There is, however, a provision that speaks to situations when more than one parent of a child is employed by the same employer at the same worksite. In this case, if both parents request time off for the same Planned Absence, the parent who first gives notice is given priority, and the employer is not required to grant additional time off to the other parent at the same time.
Can I require documentation when an employee takes time off for a child’s school or child-care activity? What about documentation based on the strike?
In general, employers can require an employee provide documentation from the child’s school or licensed child-care provider, and can require that it indicate that the employee was engaged in a child-related activity at the particular date and time the activity took place. The law provides no further guidance about the type of documentation, and explicitly leaves it up to the school or licensed child-care provider to provide documentation that they consider to be appropriate and reasonable.
In the context of the strike as it is currently affecting LAUSD students, it appears that an employer could request and obtain verification that the employee’s child is in fact part of the EEC or CSPC programs that have been closed on the day(s) that the employee requested and took time off, but the statute does not permit anything further, such as verification that the employee was in fact using the time off to care for his/her child due to the closure and unavailability of alternate care arrangements.
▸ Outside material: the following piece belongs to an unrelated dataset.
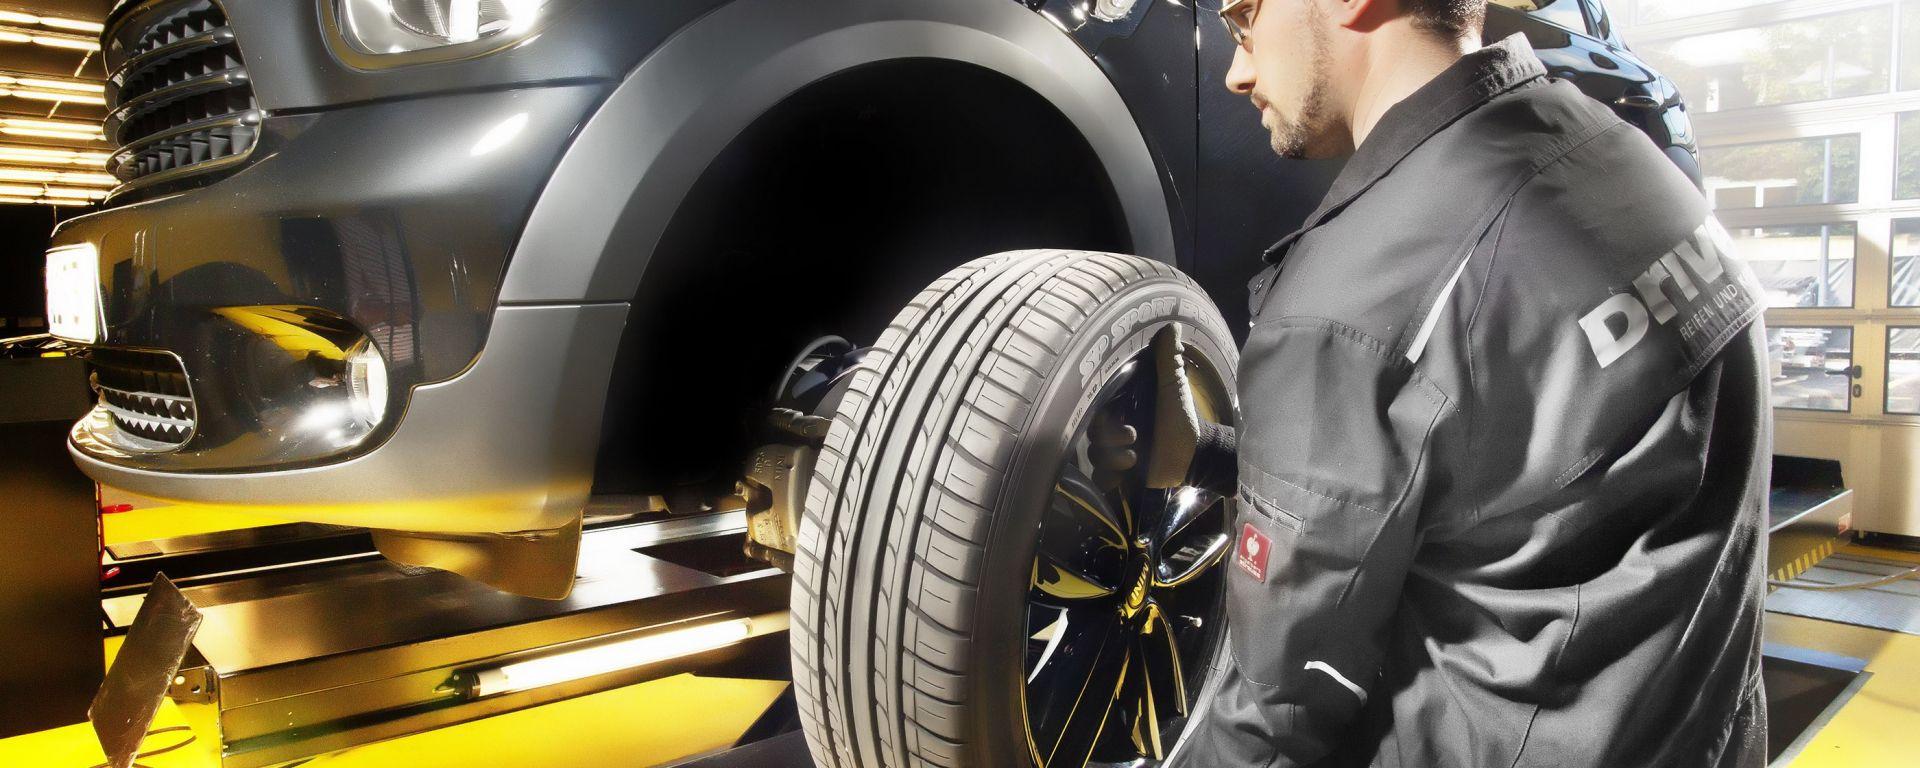 Come gonfiare correttamente i pneumatici. L' azoto serve davvero?

Is this time off paid or unpaid?
Employers are under no obligation to pay employees for time off for school and child-related activities (with the caveat that exempt employees may be entitled to continue receiving their salary, depending on the duration of the absence). However, to the extent employees have available vacation, personal leave, PTO, or other compensatory time off, employers generally can mandate that these paid benefits be used during Planned Absences covered under law. One exception to mandatory substitution of paid time-off benefits applies to employees who are provided with vacation at the same time each year (e.g., a one-week company-wide shutdown). In that case, an employee would not be entitled to substitute vacation unless the employer chooses to allow it.
What are the penalties for a violation?
An employee who is demoted, suspended, terminated (or threatened with termination), or discriminated against in any other way with respect to the terms and conditions of employment for taking time off to engage in child-related activities is entitled to reinstatement and reimbursement for lost wages and benefits. Further, if following an administrative or legal proceeding it is determined that an employee eligible for rehire or promotion is not rehired or promoted, the employer will be subject to a civil penalty of three times the employee’s lost wages and benefits.
As the strike continues, employers should be aware of the developments and corresponding impact that time-off requests may have on staffing within their workforce, particularly in the event of continued pre-school closures and potential K-12 closures, and may wish to consult with counsel to ensure compliance with this and other leave laws.